Bei Buffon ist wenig glatt­po­liert

Buffon hatte Recht, als er bei diesem Rekord­wechsel sagte: Ich bin sicher, wir werden viele Tro­phäen gewinnen.“ Seitdem hat sich einiges getan, mit Aus­zeich­nungen geschmückt kehrt die ita­lie­ni­sche Insti­tu­tion nach Parma zurück. Die Liste seiner Erfolge ist mitt­ler­weile länger als die der aller­meisten Ver­eine: Elf natio­nale Meis­ter­titel, sechs Pokal­siege, acht Super­po­kal­siege, Uefa-Cup-Sieger, Fuß­baller des Jahres der UEFA und Ita­liens, Welt­tor­hüter des Jahres, zwölf­ma­liger Serie-A-Tor­hüter des Jahres, Welt­meister. Was fehlt: Die Cham­pions League Der Fakt, dass ich sie noch gewinnen möchte, treibt mich an“, hat Buffon 2017 einmal gesagt. Das war vor vier Jahren. Und schon damals dachte man, seine aktive Zeit als Spieler würde sich dem Ende neigen.

Seine Kar­riere ist ebenso wenig glatt­po­liert, wie Buf­fons Per­sön­lich­keit, sie ist hin- und her­ge­rissen – aber immer bestimmt von der Liebe zum Fuß­ball.
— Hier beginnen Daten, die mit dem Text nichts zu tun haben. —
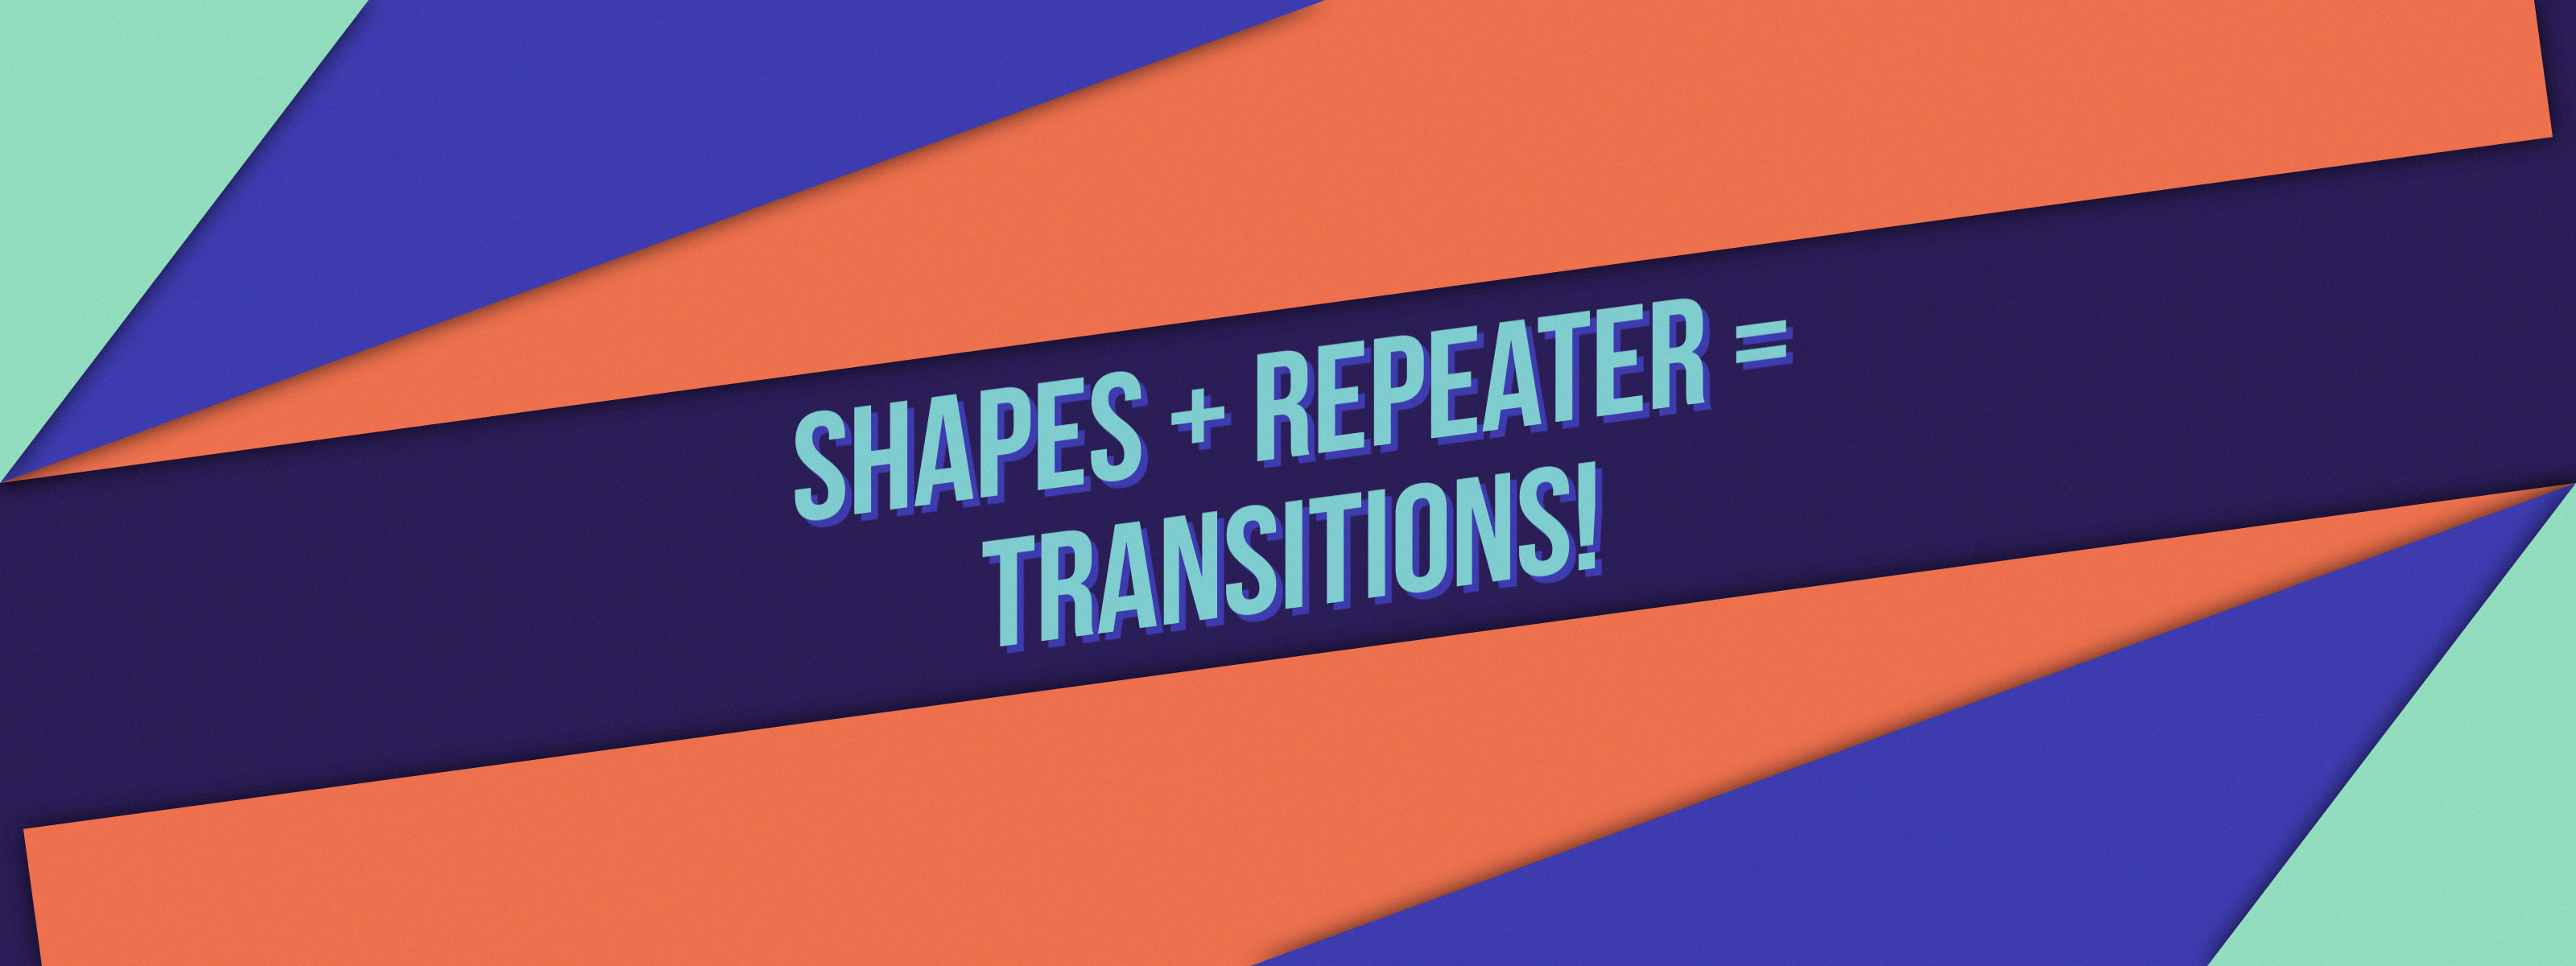 awesome after effects transitions

Allein die Geschichte, wie er zu seiner Posi­tion kam, zeigt das. In seiner Jugend buhlten viele Ver­eine um Gigi, den begna­deten Mit­tel­feld­spieler. Er aller­dings war spä­tes­tens nach der WM 1990 so sehr von Thomas N’Kono, dem Tor­wart Kame­runs, ver­zau­bert, dass er unbe­dingt in dessen Fuß­stapfen treten wollte. Und es also tat. N’Kono hatte einen so großen Ein­fluss auf Buffon, dass er einem seiner Söhne den Zweit­namen Thomas gab.